Da ich in diesem Fall der Domänenspezialist bin (), kann ich dir an dieser Stelle sagen, dass es bei uns keine Zweigstellen gibt. Außerdem werden *Bestände* von *Material* nur auf *Lagerort*-Ebene betrachtet, nicht auf *Lagerplatz*-Ebene.

Da wir beide ja das gleiche Buch gelesen haben, habe ich die Begriffe der ubiquitären Sprache fett markiert. 

Mir fällt aber gerade auf, dass ich mich in #64 auch nicht dran gehalten habe. Böse.


----------



## mrBrown (5. Aug 2018)

AndiE hat gesagt.:


> Ein Material enthält eine Liste der Lagerfächer, wo es abgelegt ist


Hast du jemals irgendetwas in der Hand gehabt, und da stand drauf "ich liege in Fach 37A"?


----------



## temi (5. Aug 2018)

mrBrown hat gesagt.:


> Hast du jemals irgendetwas in der Hand gehabt, und da stand drauf "ich liege in Fach 37A"?

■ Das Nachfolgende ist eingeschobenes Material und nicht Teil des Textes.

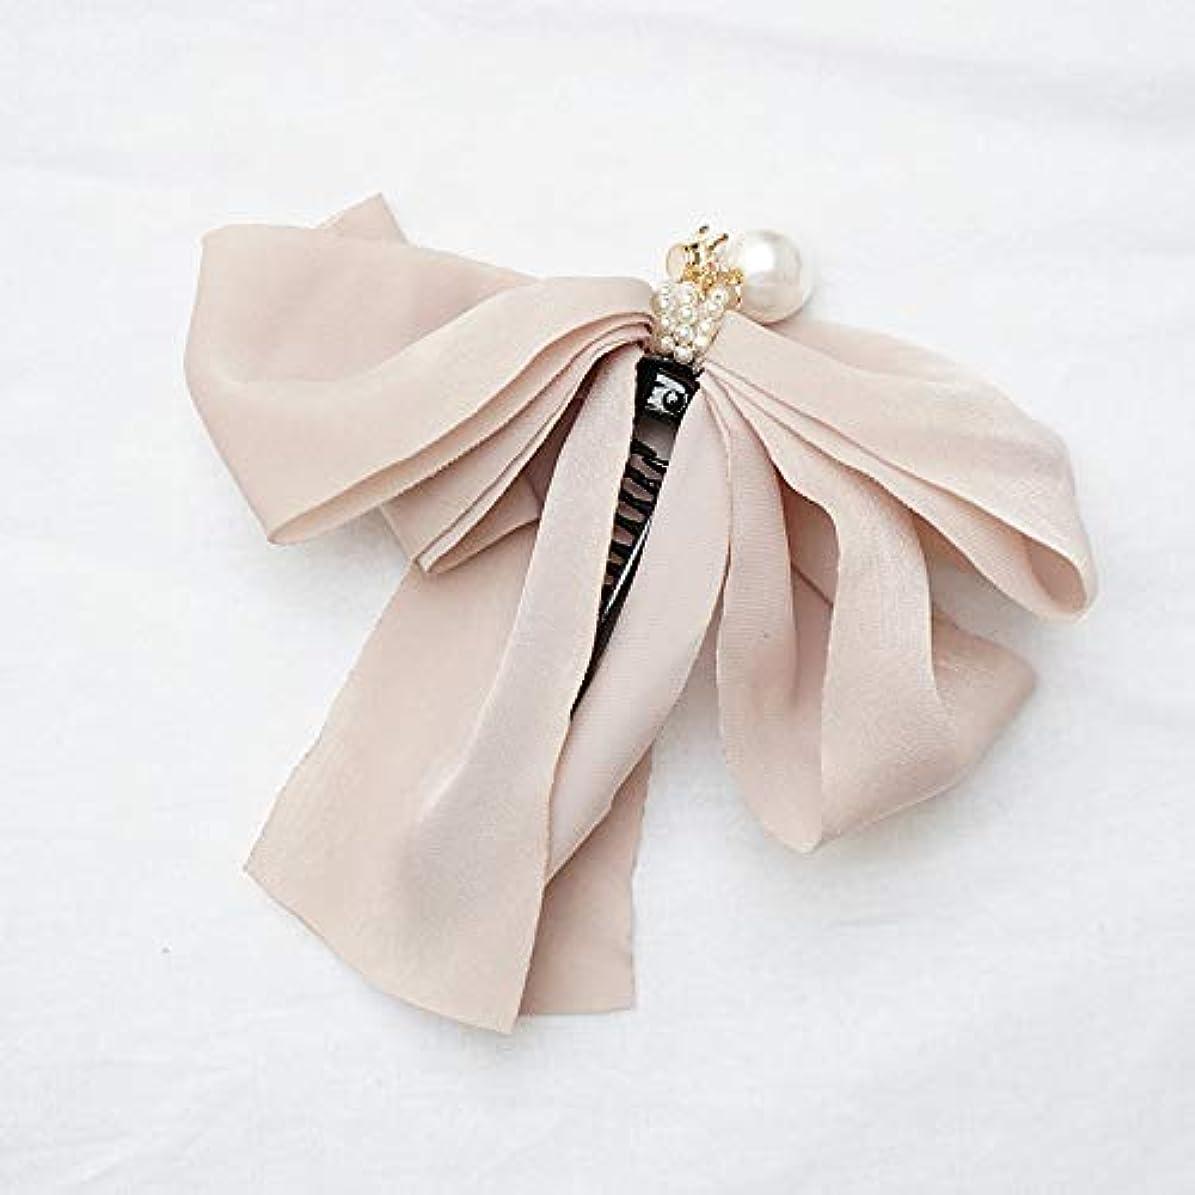 バケツ計り知れない予知HuaQingPiJu-JP ファッションロゼットヘアピン便利なヘアクリップ女性の結婚式のアクセサリー(アプリコット)

Es ist wirklich schwierig abzuschalten, wenn man sich gerade auf der Zielgerade wähnt...

Dein Kommentar hat mich dazu gebracht noch einmal nachzudenken.


temi hat gesagt.:


> Ein Material kann mehrere Bestände (in verschiedenen Lagern) enthalten.


Das klingt irgendwie falsch, weil ein Material keine Bestände enthält so wie es keine "Ablagefächer" enthält und damit wäre auch die Beziehung von Material zu Bestand (MaterialStock) falsch.

Ein Material hat eine Mengeneinheit zur Kalkulation der Bestände. 

?

Es gibt ein oder mehrere Lagerorte.

Ein Lagerort enthält Bestände von unterschiedlichem Material.
Bestände werden durch Ein- und Auslagerungen verändert
Vielleicht ist 2. auch nicht notwendig, weil bereits durch 4. abgedeckt. Wie ist aber die Beziehung zwischen Material und Bestand?


----------



## AndiE (5. Aug 2018)

Es ging mir vor allem um die Modellierung der Beziehungen zwischen den Objekten und Klassen.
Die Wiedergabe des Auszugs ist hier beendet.